锦衣男子侧过头,剑眉下一双丹凤眼微微眯起,高挺鼻梁下的薄唇似笑非笑。

此人正是永宁伯府今岁刚请立的世子,宋凌昀。

小厮见他表情不对,忙磕头认错:“小的不敢!小的是觉得她不识抬举,枉费了您一番苦心!”

“狗东西,你也配嚼她的舌根?”

宋凌昀抬脚向他踹去,见他倒地后又迅速跪好认错,顿觉意兴阑珊。

林知微倒是骨头硬,不肯低头。可硬骨头顶什么用?连累父兄,如今还得去伺候个榻上的活死人。我倒要瞧瞧,她能在那废人身边熬出个什么将来!

宋凌昀嗤笑,将腰带下金镶玉的缺角玉佩一攥,丢下还在雅间磕头认错的小厮,拂袖而去。

林家门前,爆竹声噼啪作响,礼官主持迎亲。

林知微身着大红嫁衣,拜别阿爹,又给阿娘牌位上了香。

灶台上山药粟米粥咕嘟咕嘟冒着热气,糅合着山药和谷物的香气在小院弥漫开来。

米缸里的粟米已经装满,地窖里里的白菘和萝卜码的整整齐齐,泡菜罐子里装着沉甸甸的铜钱与银锭。

有了侯府这门亲,克扣已久的抚恤居然一次性给补齐了,哥哥的保书也有了着落。日子似乎正朝着越来越好的方向行进。

“闻着这香气,哥哥就知道,我的妹妹无论到哪里,都能把日子过得暖烘烘的。”

林知珩深深吸气,小心地背起妹妹,走入喧闹之中。

林知微将脸颊贴在他坚实的脊背上,心思还留在她的菜园上。

她昨天将菜园子托付给隔壁的王婶子照看,可千万别让四处串门的大黄给霍霍了,那留着过年吃的冬菠菜可是她的心头肉……

恰时穿堂风迎面掠过,半掀起她额前的红盖头。

门前喧嚣戛然而止。

朱红渲染下的瓷白肌肤,辅以纤长脖颈上的精致侧颜,眼波流转间,晃得人心神恍惚,竟是汴京少有的明艳热烈。
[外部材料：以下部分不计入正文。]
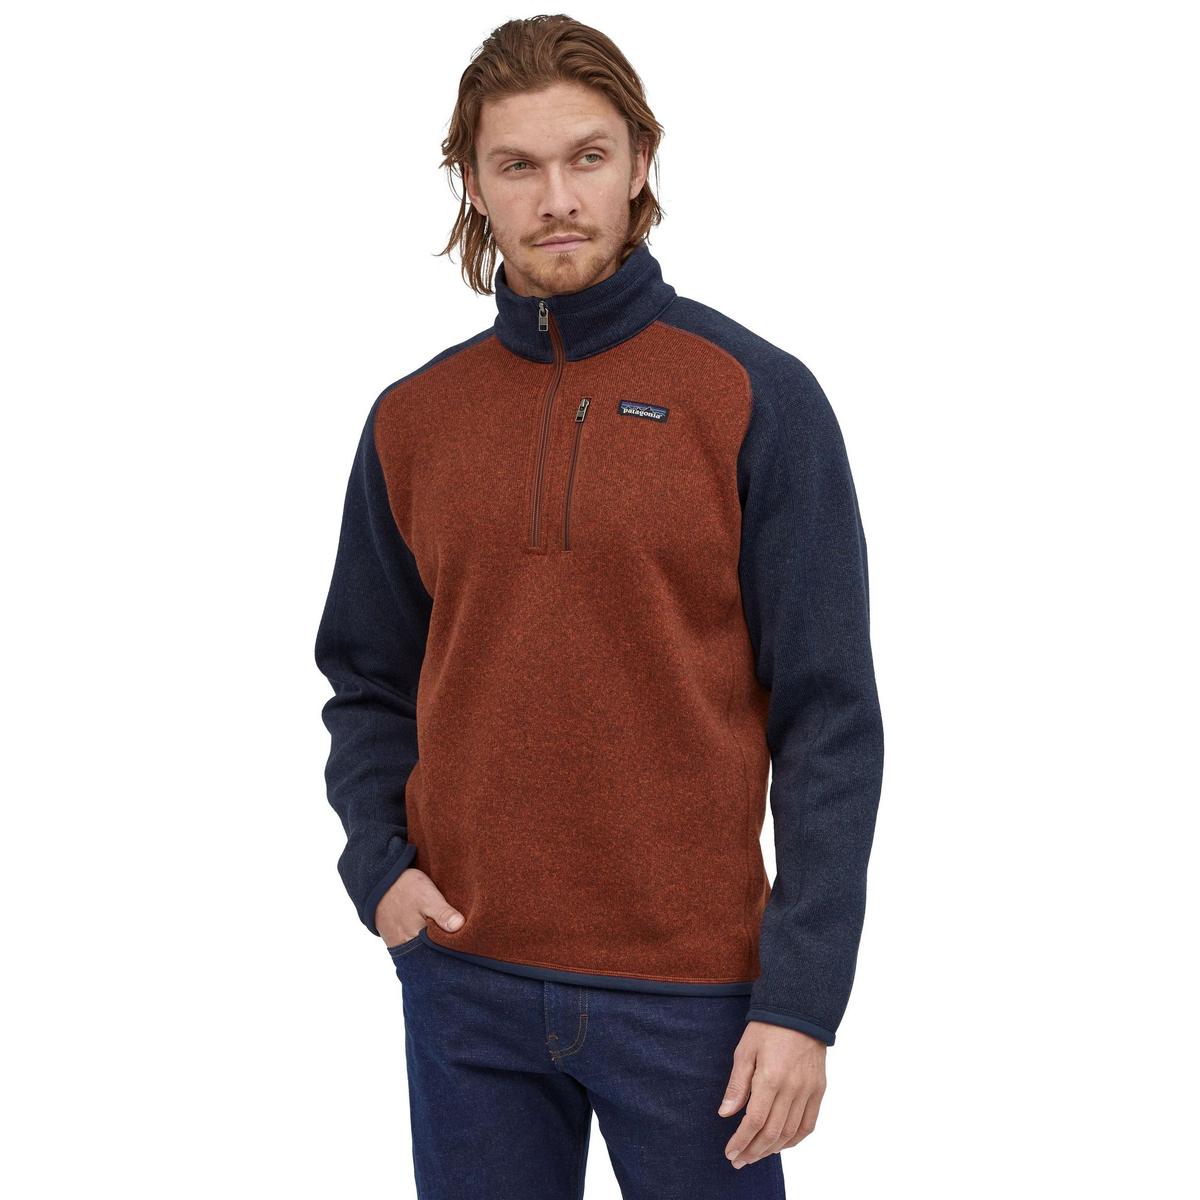 Patagonia Men's Better Sweater 1/4 Zip - Puritan Cape Cod

纤纤玉指拉下盖头,轻轻拍了拍男子肩头,然后稳稳落入轿中。

轿帘垂落,隔绝了外界目光。

唢呐声中,轿身轻轻晃动,朝着来路折返。

林知微安静的坐在轿中,眉眼低垂。她的指尖反复摩挲着袖中的铜制汤勺,勺柄上刻着的“微”字只剩浅浅的印记。

“房前屋后种点瓜菜,灶上总有热饭,日子就垮不了”。这是阿娘生前对她的教导和期许。

去岁,阿爹戍边伤残要被遣返归籍,他们耗尽大半家财疏通未果,最终另辟蹊径,拿到除籍文书后举家迁徙。林家三代世袭军户,全都埋葬在西北戈壁,既然到头来没用了,便可随意丢弃,那这军籍不要也罢!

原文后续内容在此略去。